On voit donc, que, immédiatement après la guerre, en pleine euphorie de la Libération, il y a une poignée d'irréductibles qui gardent un fonds de pensée pétainiste. Pierre Gilles ralliera le nouveau parti fondé par Antoine Pinay, ancien membre lui-même du Conseil national de Vichy, le Centre national des Indépendants et paysans, C.N.I.P., pierre angulaire de la IV° république.

Après 1967, nous avons une succession de Divers droite, R.P.R., UMP.. La droite domine insolemment au point de se permettre une opposition UMP vs UMP comme en 2004.

Cependant, le canton s’émancipe, qui l’eût cru ?, en 2011 le candidat de droite est battu au second tour par un candidat de gauche qui l’emporte avec 4 – quatre - voix de majorité. A quoi tient la démocratie …Quand on dit que chaque voix compte !

 

LE CANTON DE NOZEROY LORS DES RÉCENTES PRESIDENTIELLES

 Faute de statistiques précises, je ne puis remonter qu’à la présidentielle 2002.

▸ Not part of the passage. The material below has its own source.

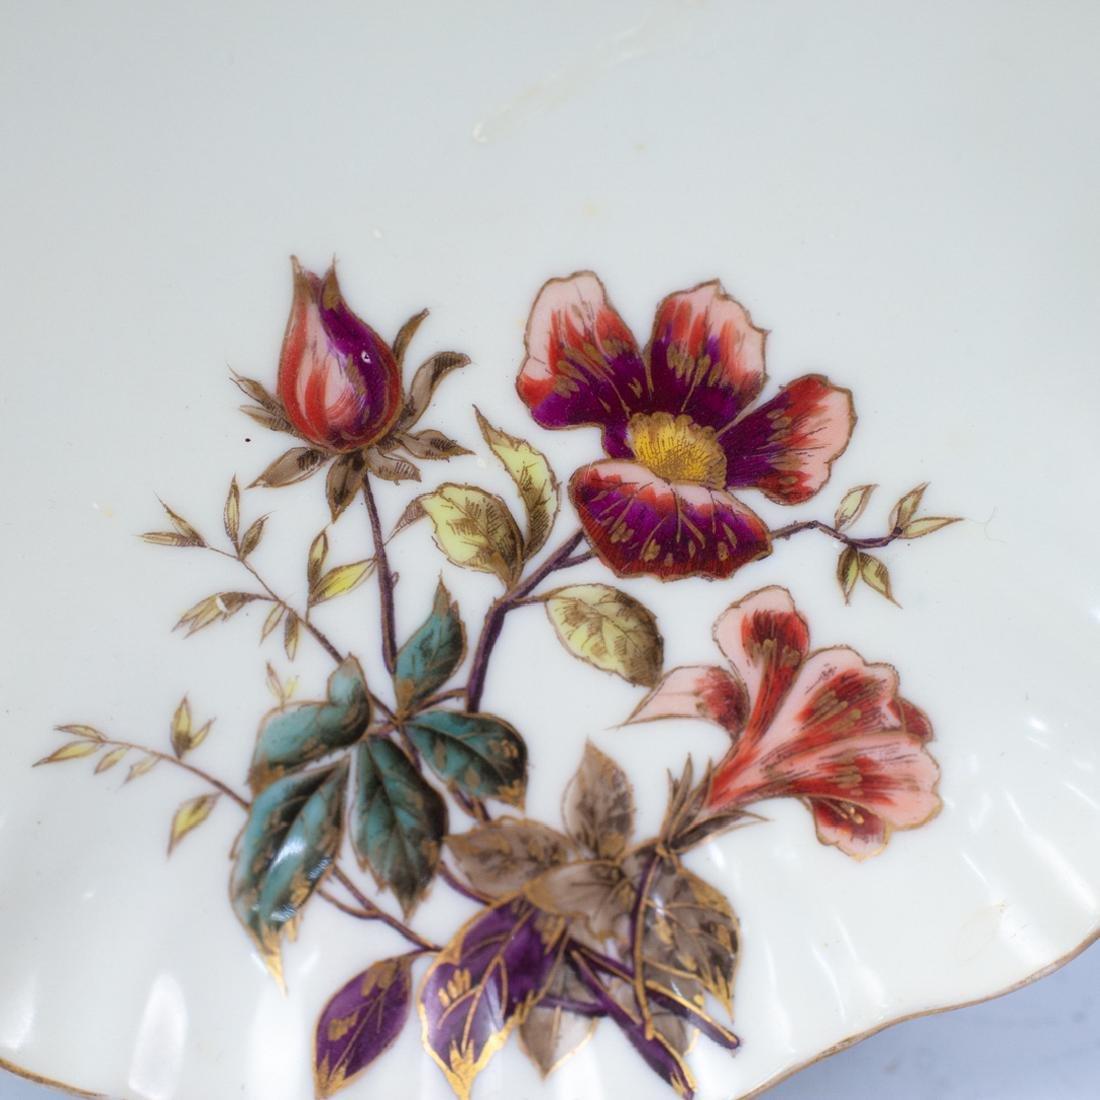 Limoges Porcelain Floral Serving Bowl - 2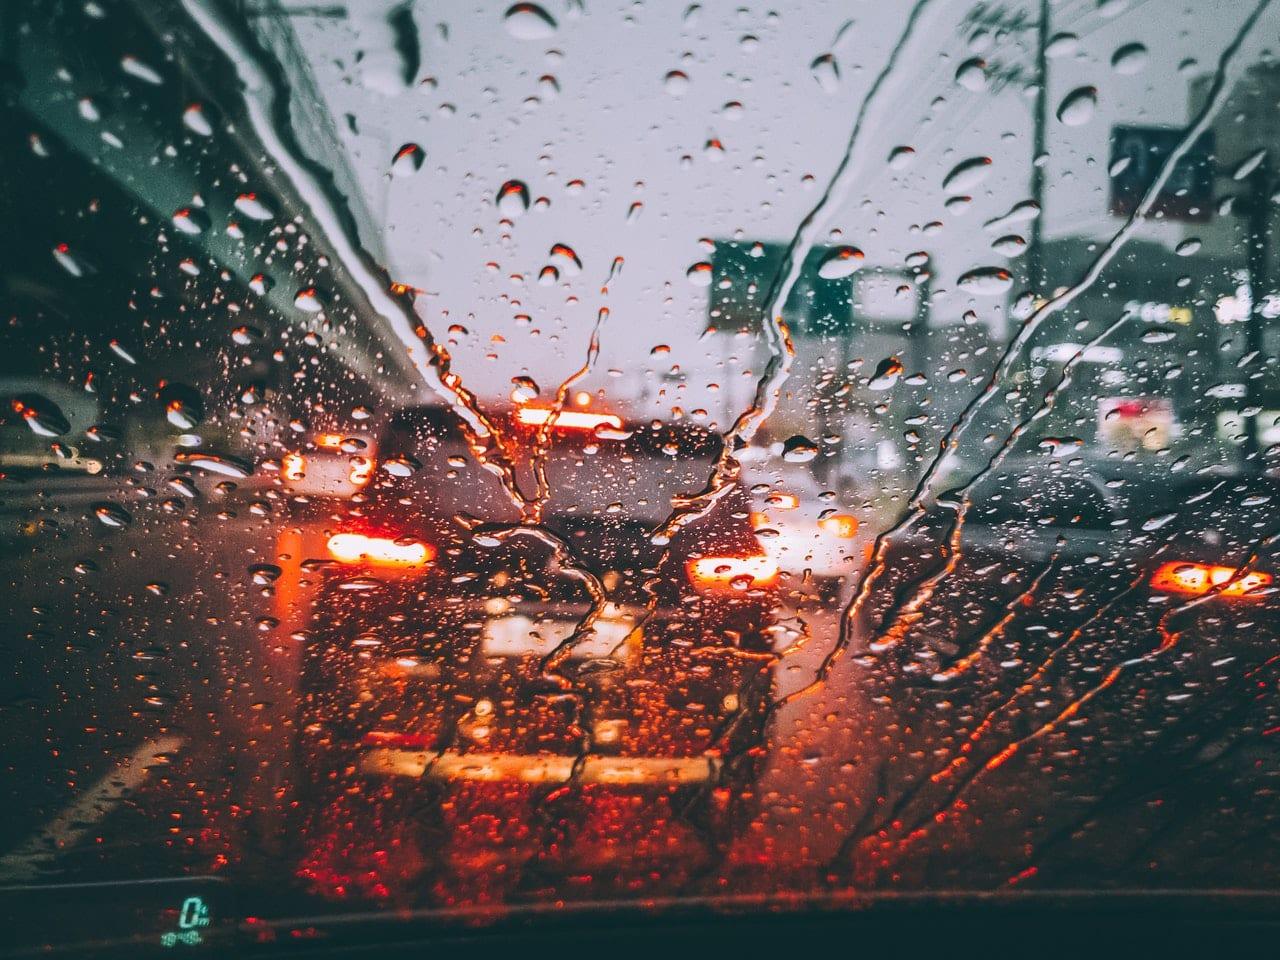 Pare brise pluie sur la route

On se souvient que ce fut die große Freiheit comme disent les Allemands, la grande liberté, la débandade des électeurs qui décidèrent, aidés en cela par les médias, de n’en faire qu’à leur tête. Et il n’y avait pas moins de seize candidatures. Comment a voté le canton de Nozeroy avec sa rigidité cléricale ?   

Les candidats qui pourraient se retrouver dans l’esprit sinon la lettre de la profession de foi PRL de 1946 ont obtenu 53,5% des suffrages exprimés[7]. Bayrou, candidat issu de l’arbre MRP a obtenu 10,5% soit nettement plus que son score national (6,8%). Christine Boutin fait 4 fois plus dans le canton qu’en France : 4,9 au lieu de 1,2%. Madelin, ultra-libéral, 3,91 en France mais 6,24% dans le canton. Les duettistes Mégret – LePen obtiennent 20,45% à eux deux, Le Pen fait 1,2% de plus qu’en métropole (18,1). Au total 64% des électeurs du canton ont voté pour la droite, droite-extrême et extrême-droite. Ce sont les racines chrétiennes de la France… La gauche, lato sensu, obtient 26,3% mais 37,6% en France[8]. Enfin trois candidats – Saint-Josse, Mamère et Lepage – obtiennent 10,51% à Nozeroy et 11,3 dans le pays.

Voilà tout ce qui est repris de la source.